While we were sitting outside the mosque, it started raining heavily. Before that, we were surprised to hear the imam conclude his Juma sermon in English!! I was sitting there waiting for a friend of mine who was supposed to visit me. I met a British-Pakistani there who was visiting Turkey to obtain a hair transplant. He regaled me with his life-story, how he used to run a business in Leeds and lost his savings in the stock market crash, his move to Hull and the hooliganism he faced at his takeaway place initially. Meanwhile, we spotted two Pakistani families coming out of the mosque after Juma Prayers, recognizable due to Shalwar Kamiz, the traditional dress in Pakistan. One of the families had immigrated from my hometown to Denmark and the other family was based in London. 
The rain got so ferocious that we had to move inside the mosque. It was full of other tourists who had sought shelter in the covered area of the mosque. I met Kaan under these circumstances. He works as freelance photojournalist and we discussed political situation in Turkey, socialism and anarchism (inside the courtyard of Blue Mosque :P).

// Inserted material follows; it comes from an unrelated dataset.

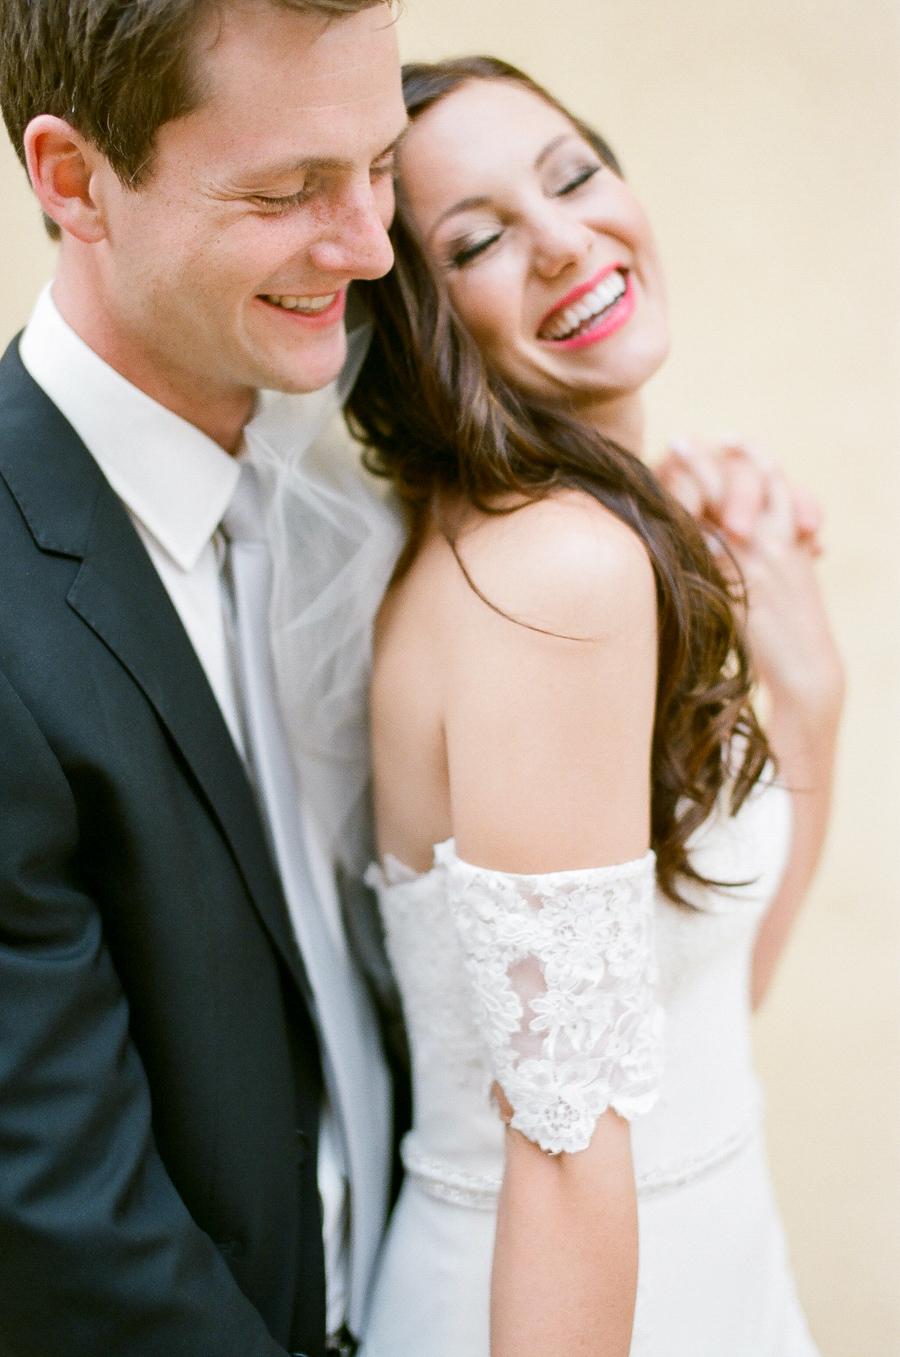 laemmlen-wedding-blog-11.jpg

I caught up with my friend whom I had met the last time I was in Turkey. He hails from Iran but has spent the last five years in Istanbul, getting two masters degrees in International Relations. We sat at a café near the Hippodrome and discussed about the time we had last year and the intervening period since then. We had Turkish tea/kehva while he informed me that he worked part-time as a tour guide to support his stay in the city. He promised to get me booked in a cheaper hotel with similar amenities as soon as I vacated my previous one. We discussed Iran-US relations, situation in Gaza and American Universities. He was kind enough to escort me to the nearest Koska shop, from where I could get the best Baklava in town. It was raining and we didn’t have an umbrella, so he departed afterwards and I walked back towards my hotel.

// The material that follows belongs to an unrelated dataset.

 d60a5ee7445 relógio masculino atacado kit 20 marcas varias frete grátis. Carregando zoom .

After taking some rest, I grabbed coffee and macaroons from the nearby McCafe and walked to my favorite place near the seaside. There were balloons, rainbow, slight drizzle and an absolutely beautiful view of the city from afar. I tried to let the feeling sink in for a while and then took a walk towards Galata Bridge. I had previously visited the Galata area but had not visited the top of Galata Tower, I decided to reach the place and take a look at the city during the wonderful dusk shades. I was not fortunate enough and reached there an hour too late. The tower was closed for visitors after 8 p.m., a fact that I was previously unaware of. I roamed around Isteklal street and visited Carl Junior’s near Taksim square. It was almost empty except for me and an Arab woman with her young daughter. Brazil was playing Colombia that night in Quarterfinals and I kept checking the scores on my mobile. Everyone was glued to the TVs in cafés and restaurants across the neighborhood. I was supporting the underdogs(Colombia) but they lost the match eventually. It was another fun-filled day spent in a city that I began to love even more.